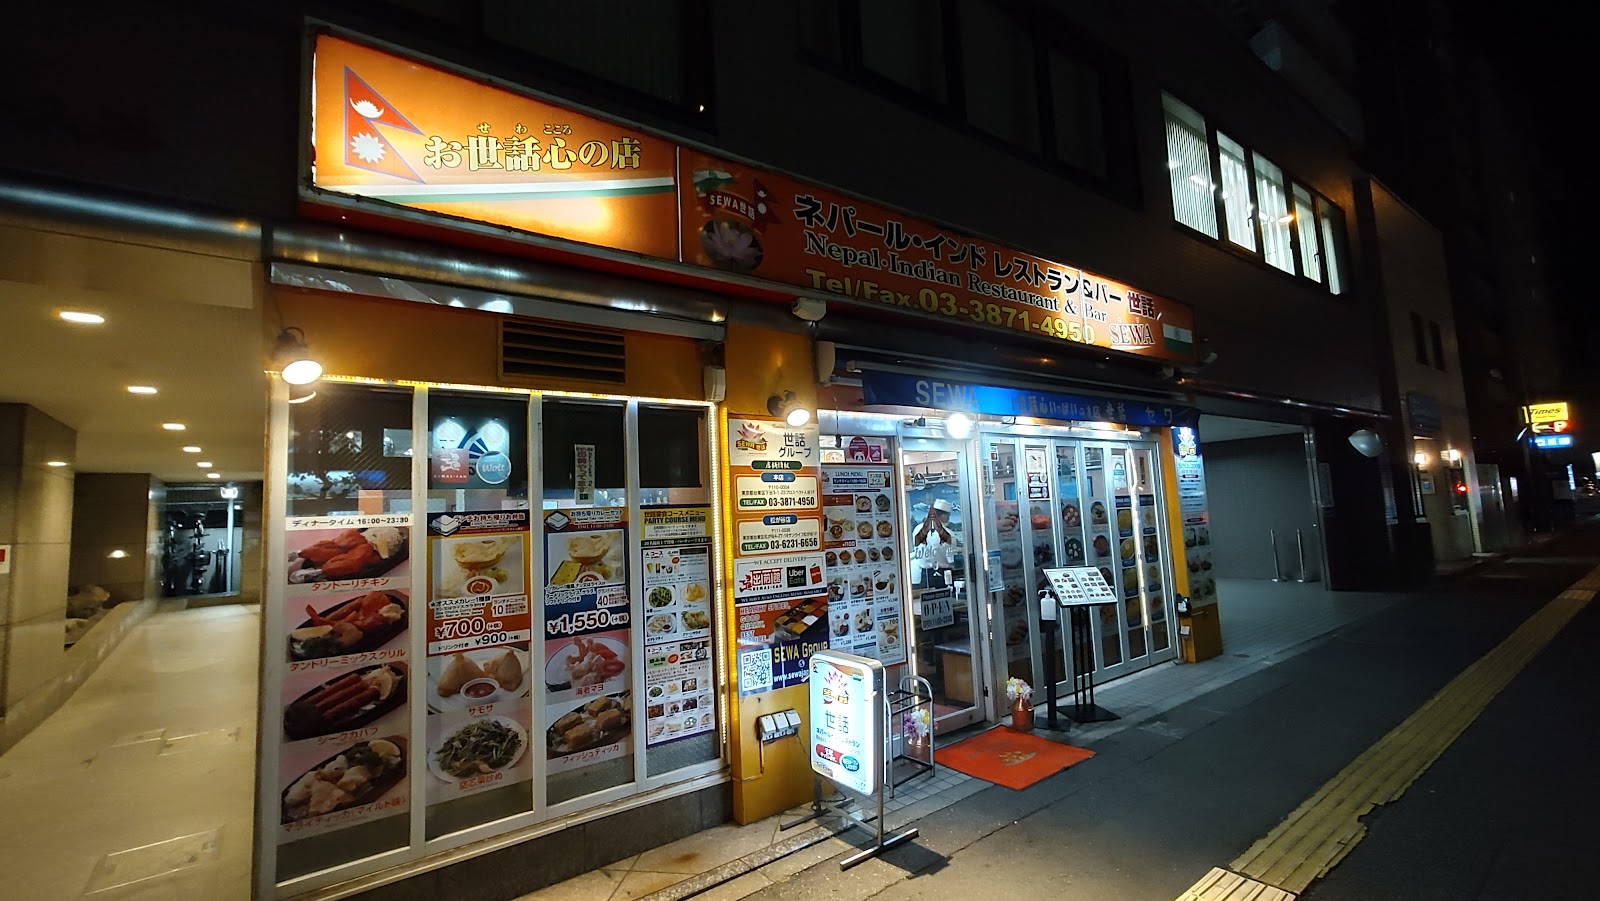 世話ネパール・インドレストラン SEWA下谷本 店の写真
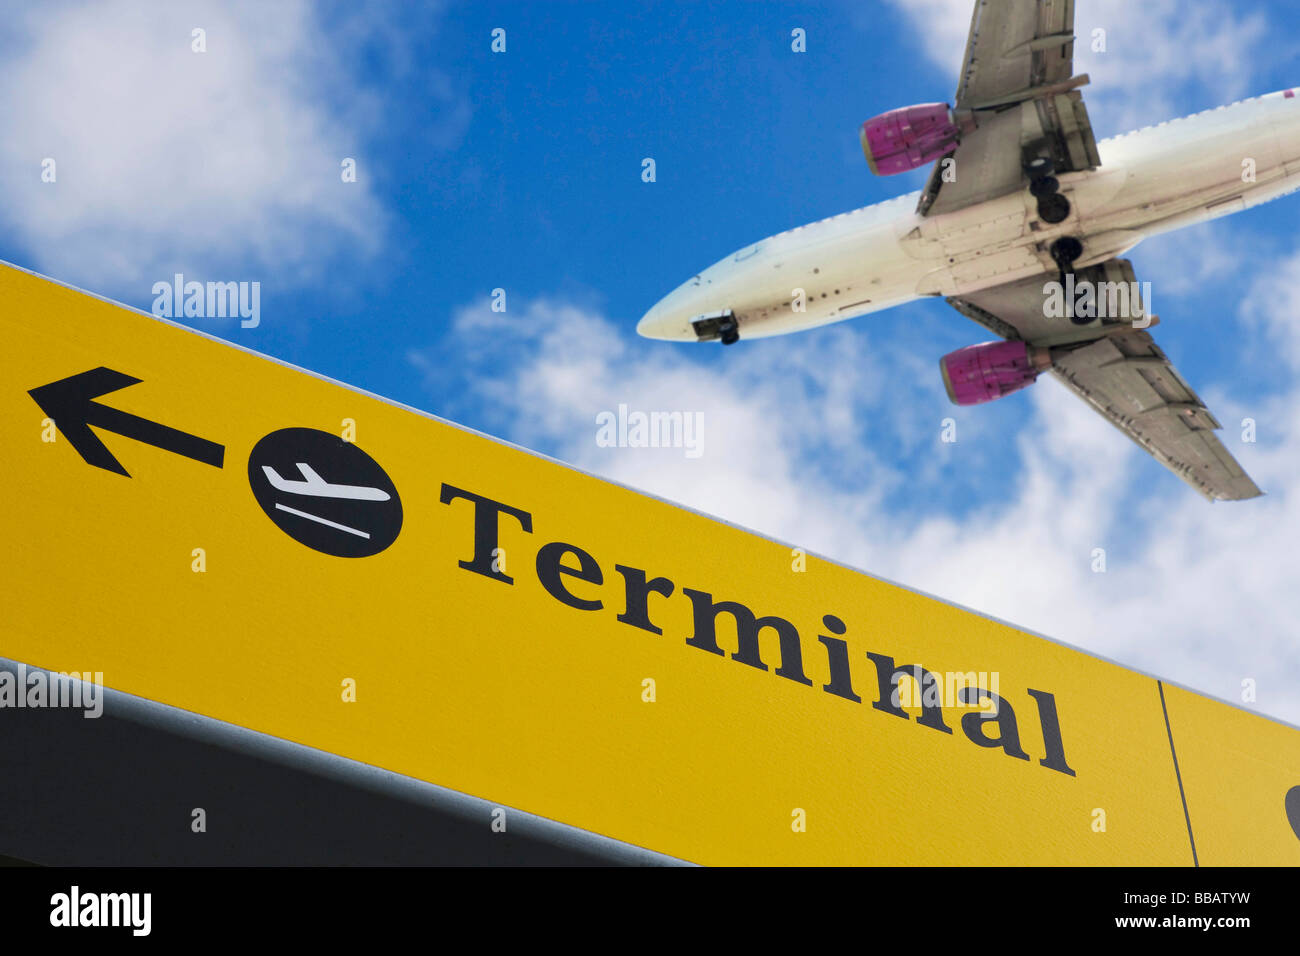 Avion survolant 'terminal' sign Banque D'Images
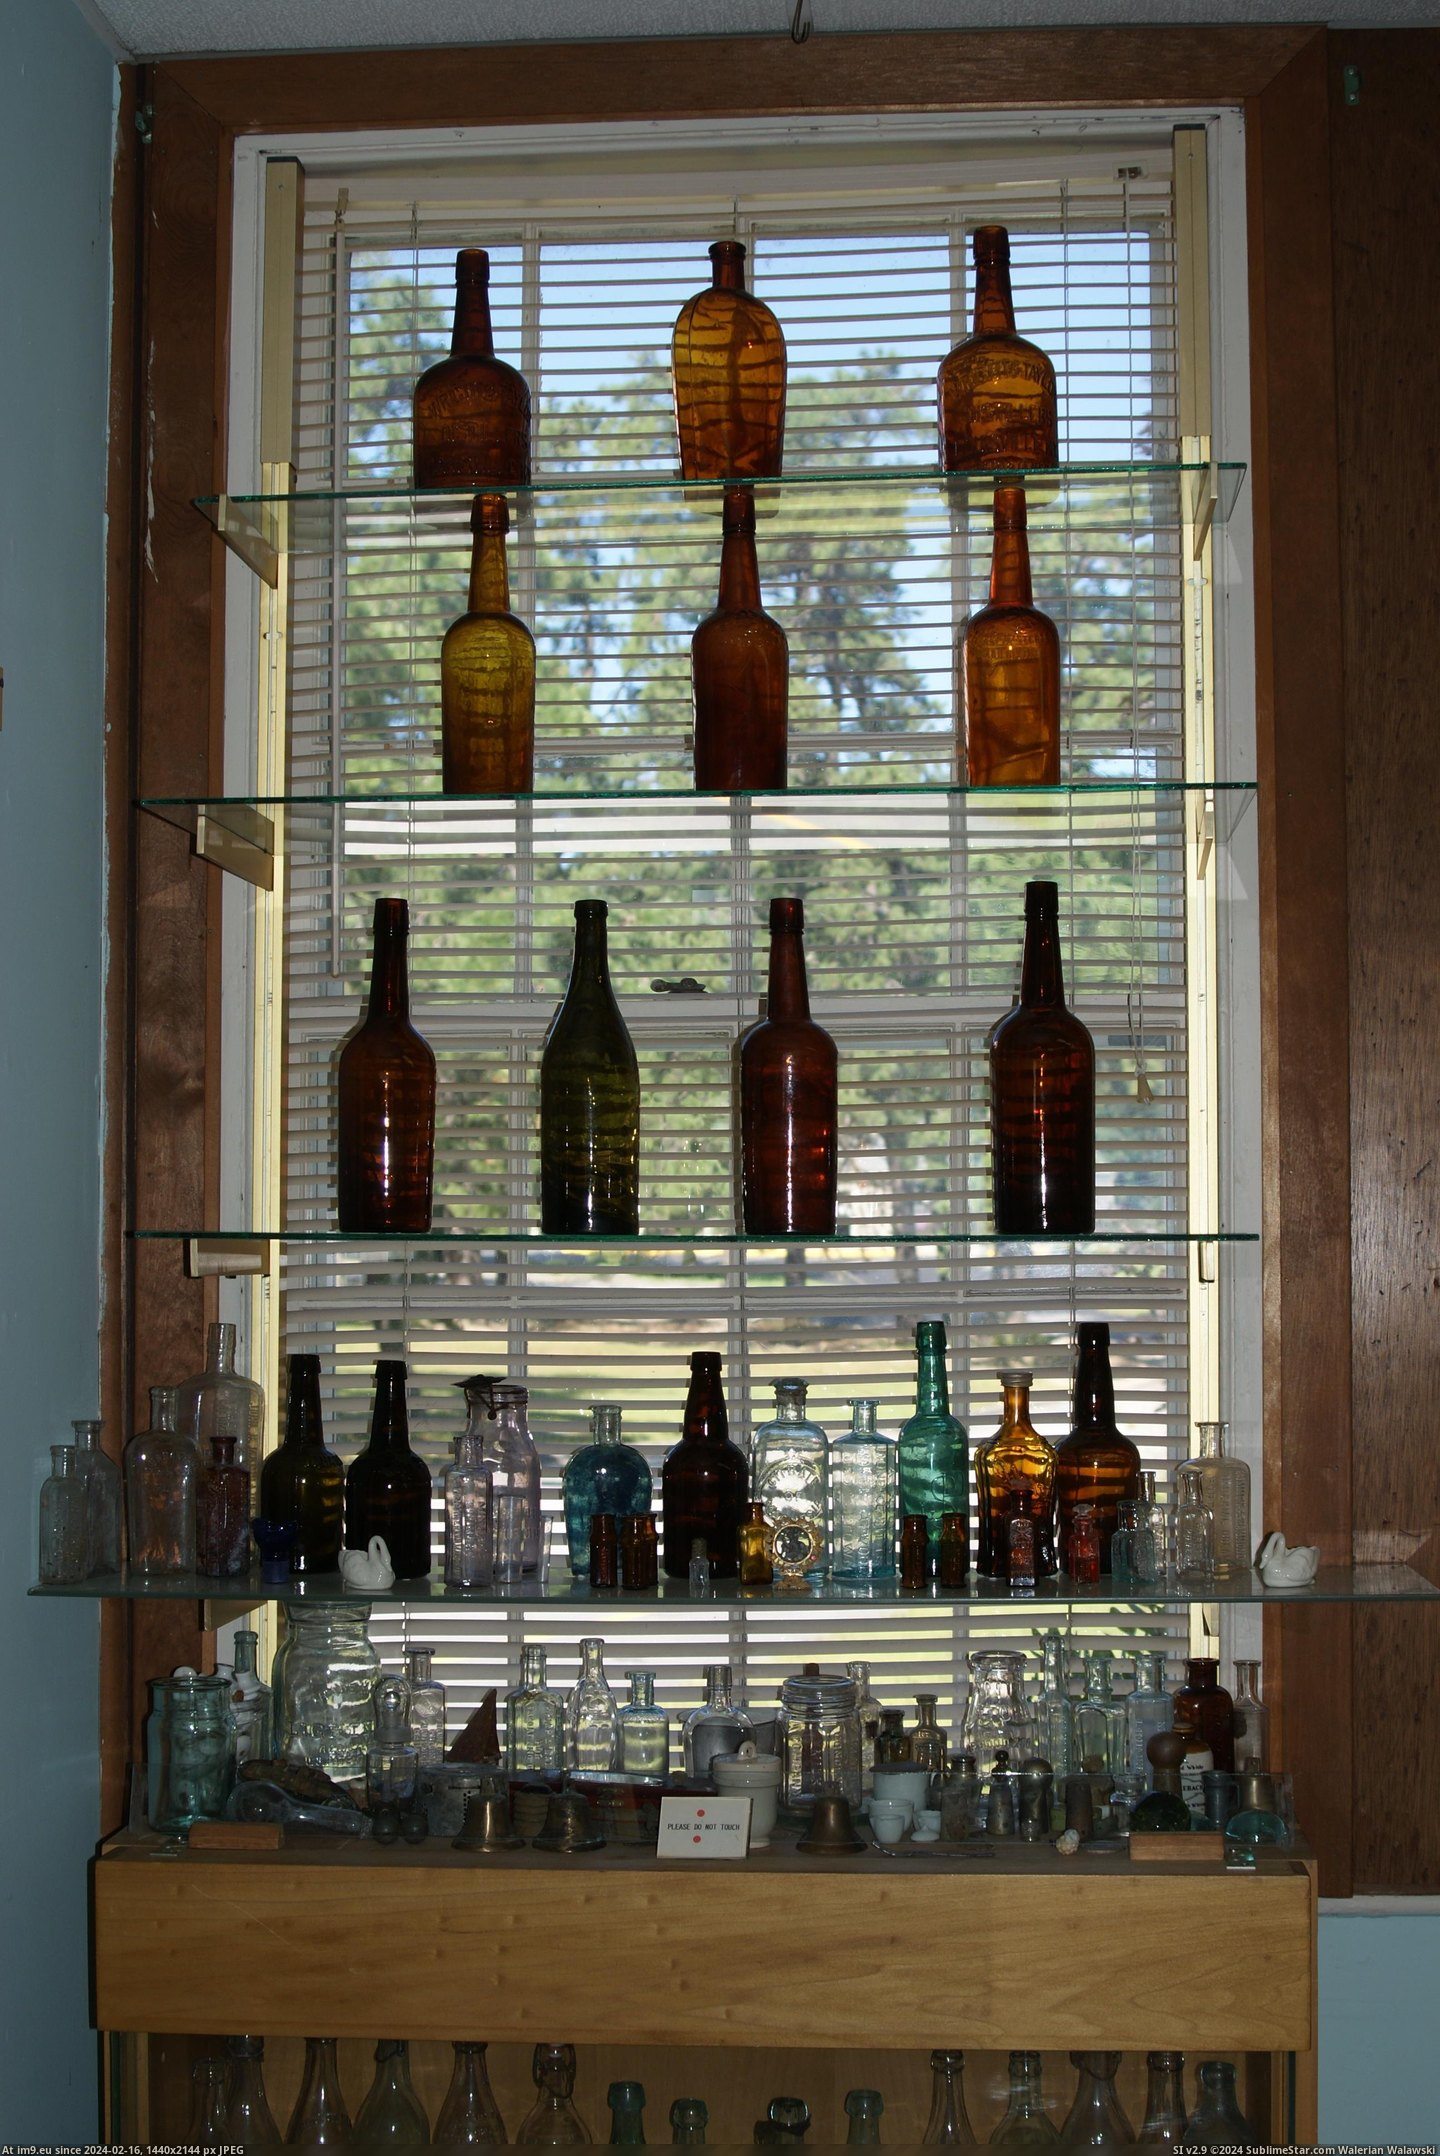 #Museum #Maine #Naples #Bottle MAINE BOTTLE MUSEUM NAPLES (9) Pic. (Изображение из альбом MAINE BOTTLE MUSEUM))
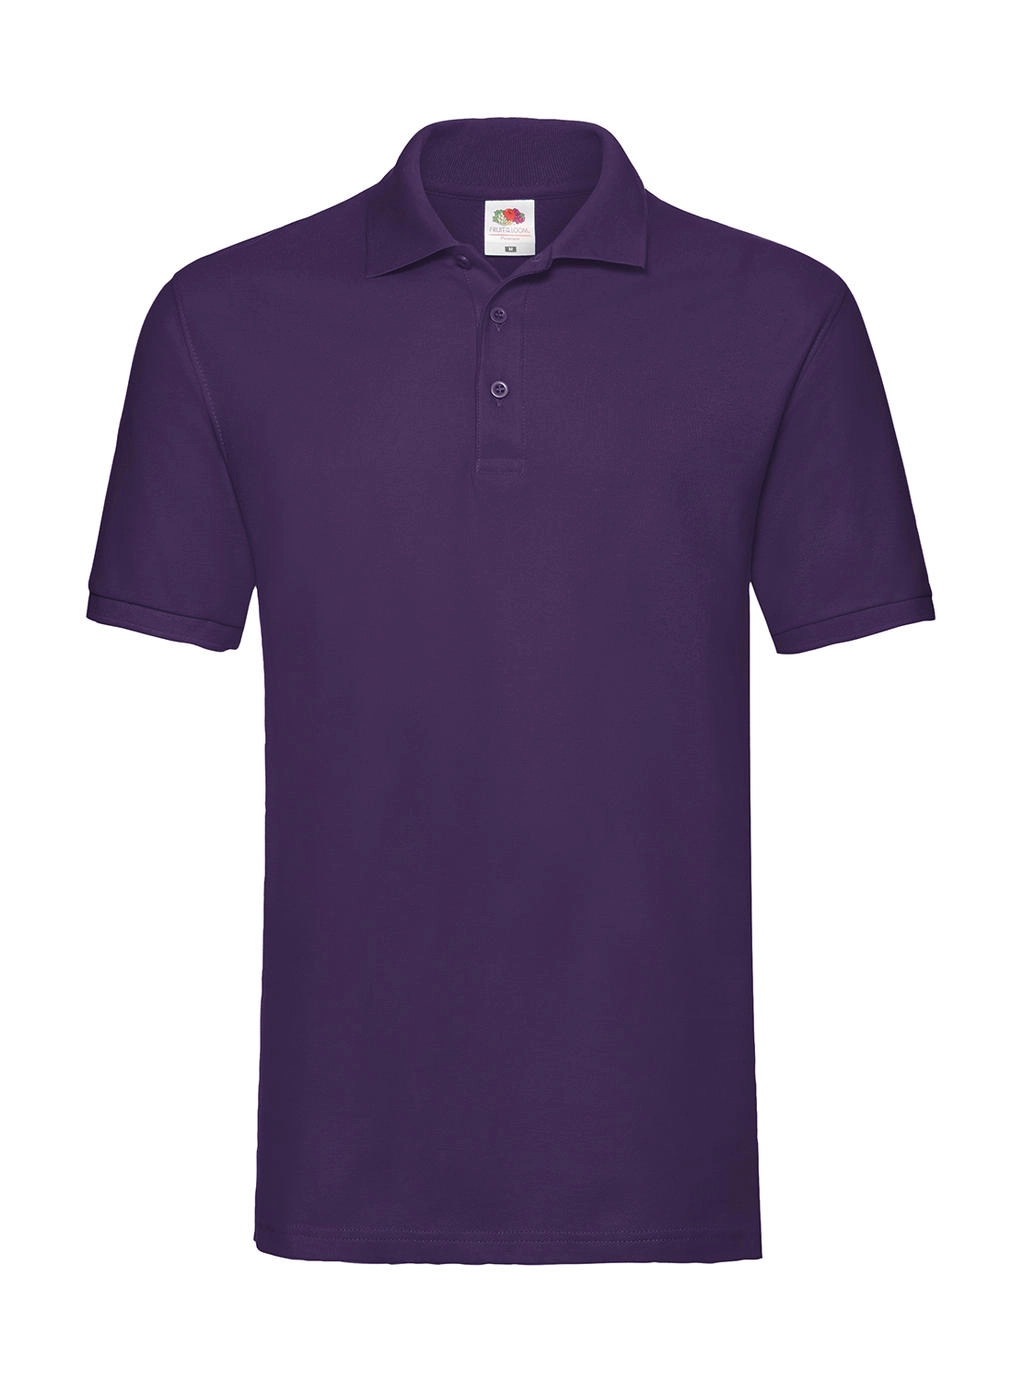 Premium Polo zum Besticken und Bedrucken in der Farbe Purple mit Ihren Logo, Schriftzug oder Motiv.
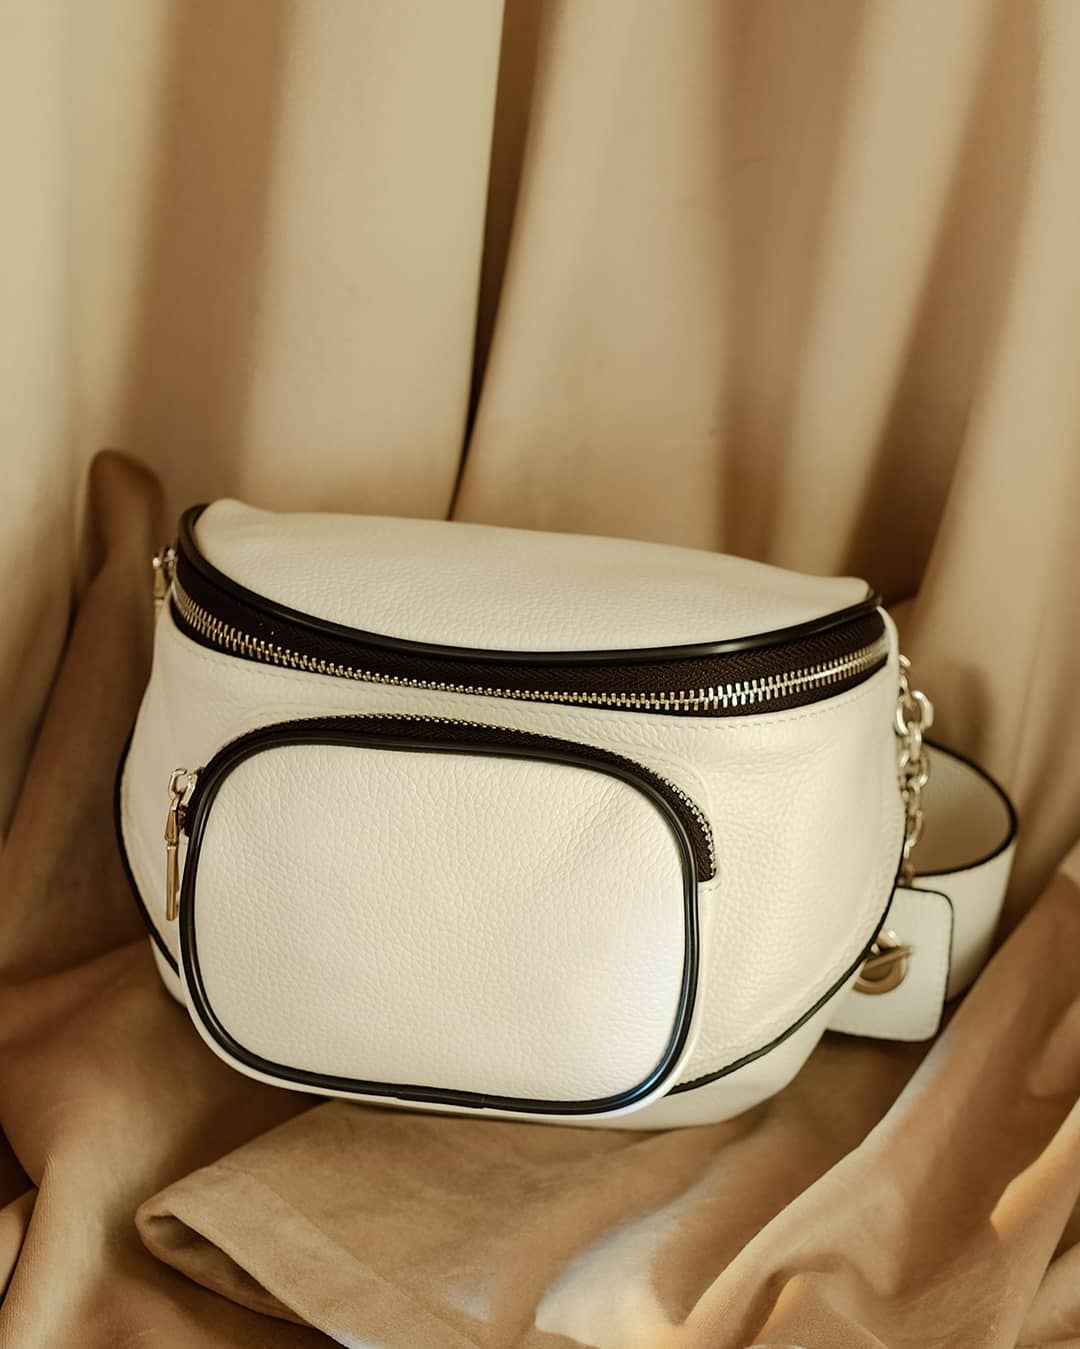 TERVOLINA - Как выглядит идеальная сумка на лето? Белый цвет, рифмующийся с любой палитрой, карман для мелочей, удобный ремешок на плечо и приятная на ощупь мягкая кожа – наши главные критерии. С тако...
▬▬▬▬▬▬▬▬▬▬
* **THE PROBLEM**:
Exactly retype each record above, dropping images.

* **RESPONSE BOX**:
 世話ネパール・インドレストラン SEWA下谷本 店の写真
 Avion survolant 'terminal' sign Banque D'Images
 #Museum #Maine #Naples #Bottle MAINE BOTTLE MUSEUM NAPLES (9) Pic. (Изображение из альбом MAINE BOTTLE MUSEUM))
 Premium Polo zum Besticken und Bedrucken in der Farbe Purple mit Ihren Logo, Schriftzug oder Motiv.
 TERVOLINA - Как выглядит идеальная сумка на лето? Белый цвет, рифмующийся с любой палитрой, карман для мелочей, удобный ремешок на плечо и приятная на ощупь мягкая кожа – наши главные критерии. С тако...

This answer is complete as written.